Il futuro chiede e merita di essere realizzato. Con queste parole David Orban, guru dell’hi-tech, espone il suo punto di vista riguardo la sfera dell’innovazione tecnologica e più specificamente delle tecnologie esponenziali. Tematiche queste al centro del SingularityU Italy Summit 2017, l’evento della Singularity University, in partnership con Deloitte e Connexia, per la prima volta in Italia dopo aver già accolto a livello globale circa 21mila partecipanti.

Del resto Orban, ambassador della Singolarity U Milano, l’innovazione tecnologica ce l’ha dentro ma nel vero senso della parola, ovvero ha un microchip sottopelle nel dorso della mano che gli permette ad esempio di effettuare pagamenti e monitorare il suo stato di salute. Tecnologie che sembrano futuristiche ma che in realtà fanno già parte della vita comune, come le automobili che si guidano da sole, le intelligenze artificiali e la robotica avanzata. Il summit italiano della Singularity University vede la partecipazione di speaker di caratura internazionale di altissimo livello, con diverse riflessioni anche sulla posizione dell’Italia nel campo innovativo. “L’Italia ha una grande tradizione di artigianato, di creatività, questo gioca a favore rispetto a molte nazioni nelle quali l’economia è stata e viene tuttora egemonizzata da grandi gruppi industriali. L’innovazione e la disruption fanno parte del tessuto nazionale, ma ci deve essere uno sforzo maggiore” conclude Orban.

Gli fa eco Diego Gil, managing director dell’evento: “L’Italia è la ottava potenza economica del mondo, questo spesso gli italiani lo dimenticano. Così come è giusto ricordare che per anni sono state le famiglie Medici, Sforza e Visconti a investire nell’innovazione e promuovere la crescita tecnologica che si è riversata in tutto il mondo. L’Italia ha ancora un ruolo importante, ma serve aumentare gli investimenti e rendere le persone consapevoli dell’impatto che possono avere nella crescita comune''.
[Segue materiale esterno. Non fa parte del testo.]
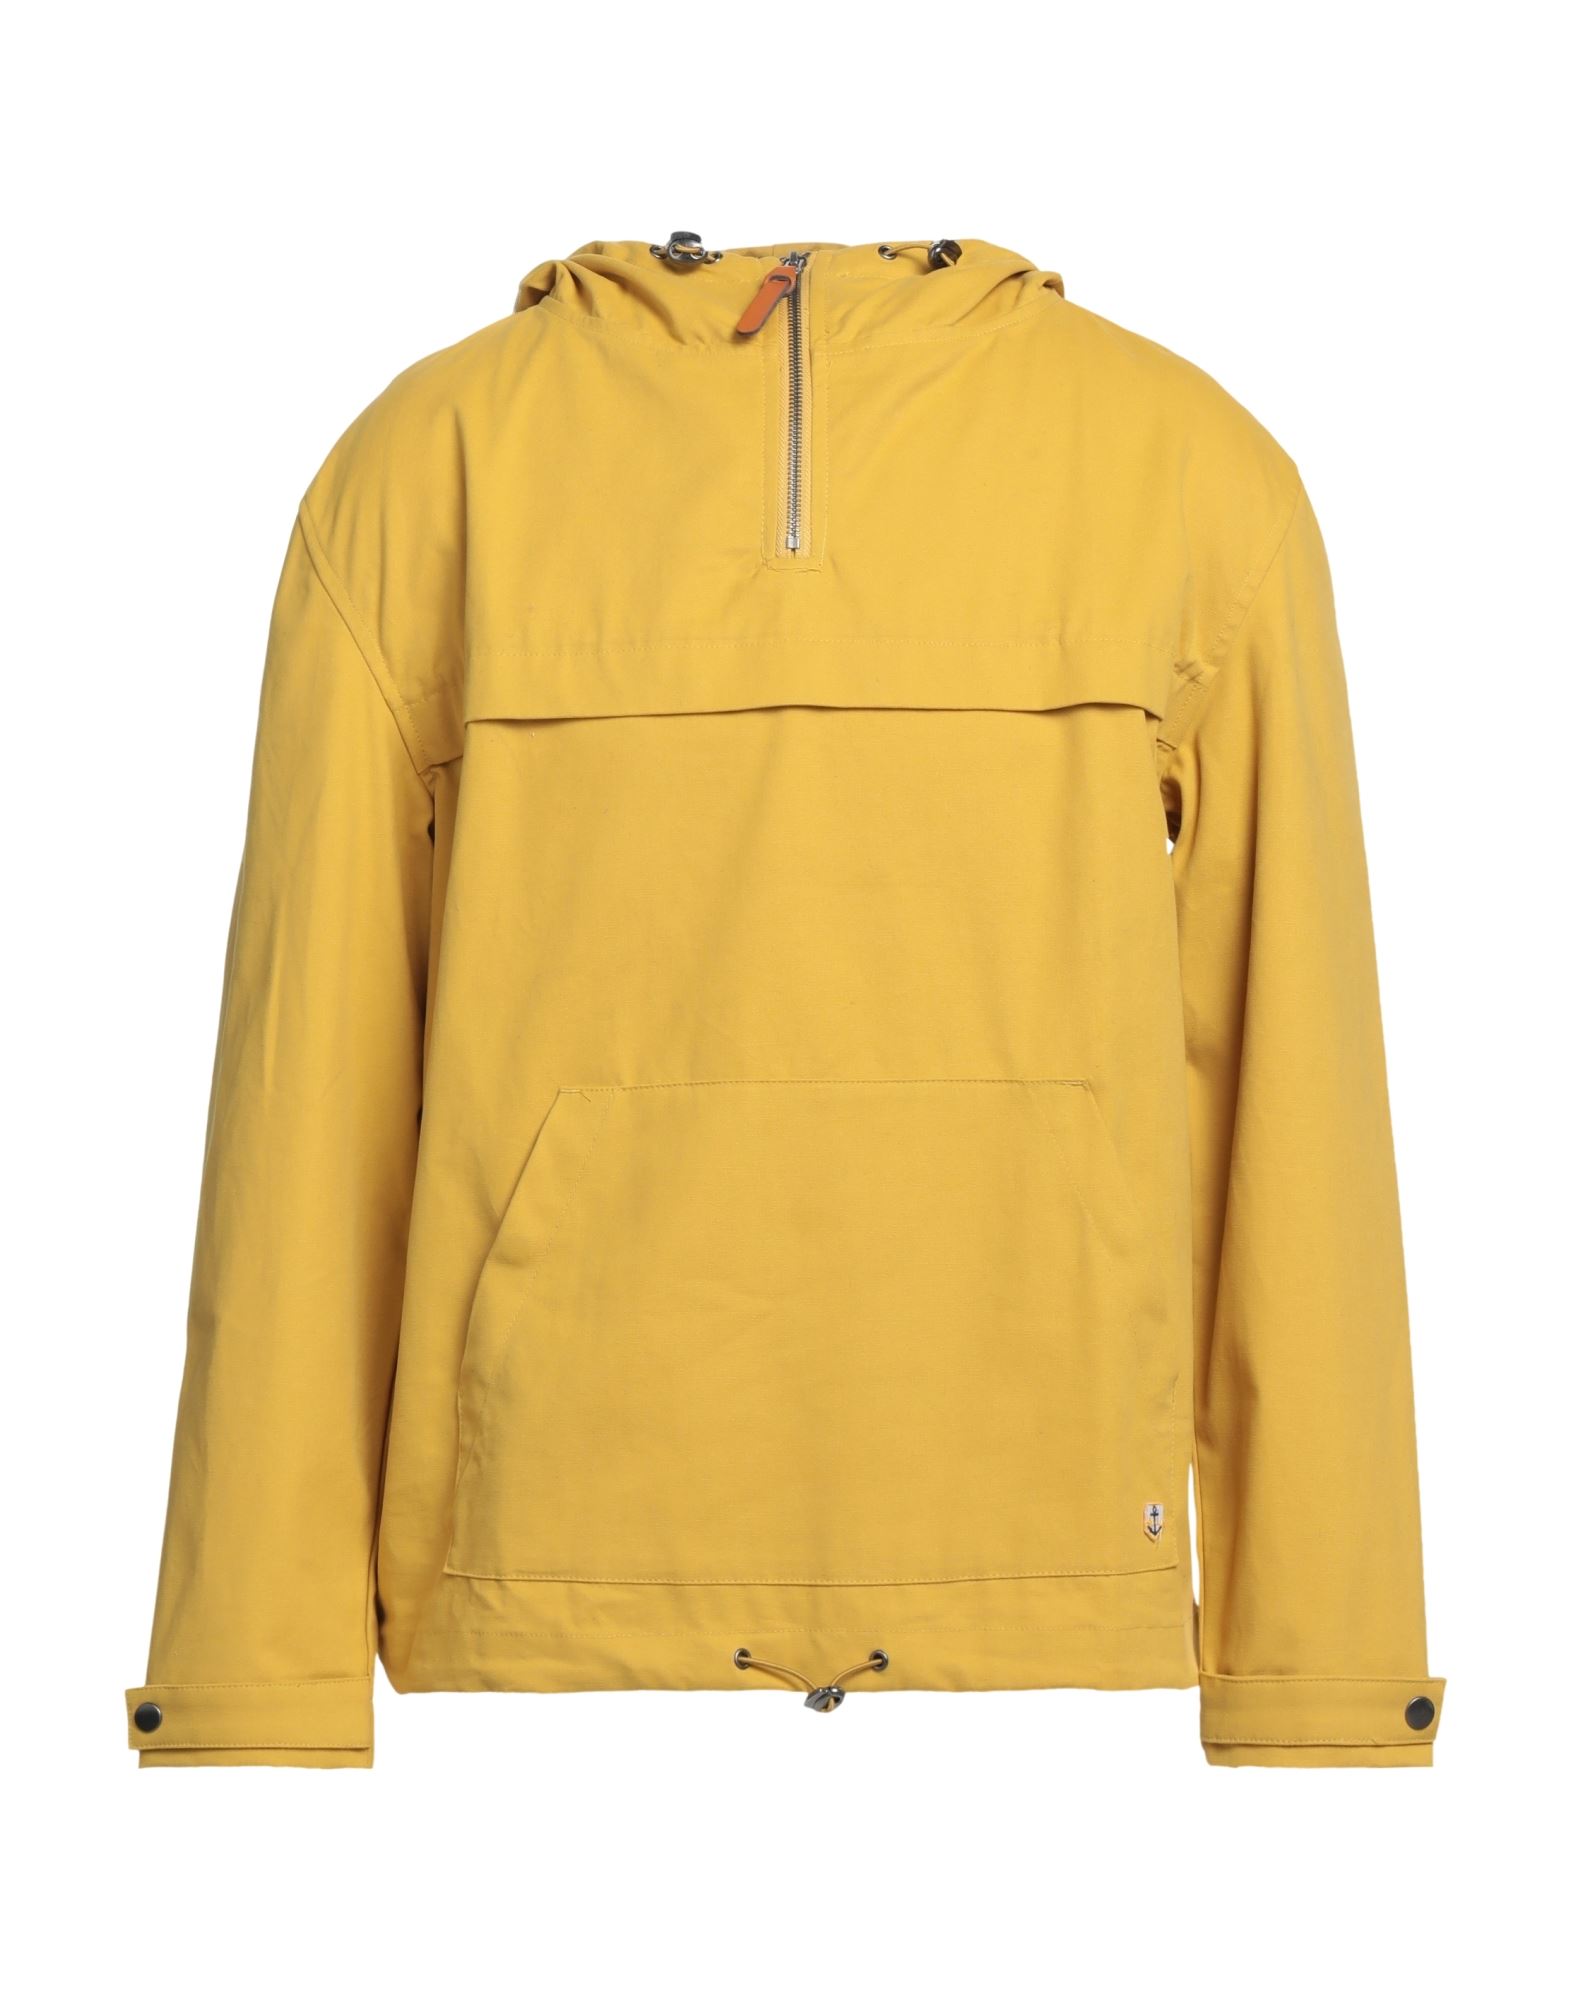 Armor-lux Jackets In Yellow

Per Gil è fondamentale la divulgazione della conoscenza: ”Elon Musk, grazie a Tesla (automobili elettriche che presto si guideranno da sole) e SapceX (il servizio di “navette spaziali”) porta il futuro ad un livello di show, ma è giusto che faccia così perché servono delle figure mediatiche che spingano le altre persone a sognare come fa lui.” La conoscenza e la divulgazione sono appunto la finalità dell Singularity Summit, che Gil annuncia con orgoglio di riportare a Milano nel 2018, il 2 e 3 ottobre: “Abbiamo avuto il tutto esaurito, più di mille persone presenti, siamo felici di poter tornare e continuare ad investire su noi stessi, cosa che tutti nel proprio piccolo devono sempre fare''.

E nel parlare di innovazione, l’Italia è rappresentata da alcuni speaker tra cui Chiara Burberi, fondatrice di Redooc.com (piattaforma che si occupa di didattica digitale dedicata alle materie STEM) e autrice del libro “Le ragazze con il pallino per la matematica''. Burberi, che rigetta la frase “cervelli in fuga”, si sofferma sul ruolo della scuola italiana: “Si è persa la capacità di curare e proteggere i talenti. I professori devono essere dei coach più che dei maestri, si deve spingere gli studenti a dubitare più che a dare certezze immobili''. Sull’estremizzazione della tecnologia tra i più giovani e l’impatto dei social media pochi dubbi: ”I social media sono luoghi di collaborazione e comunicazione, il pericolo nasce laddove non c’è dialogo tra generazioni. Ai figli vanno dati tutti gli strumenti per potersi esprimere e poter vivere in questa che è un’epoca di eccezionali e meravigliose opportunità” conclude Burberi.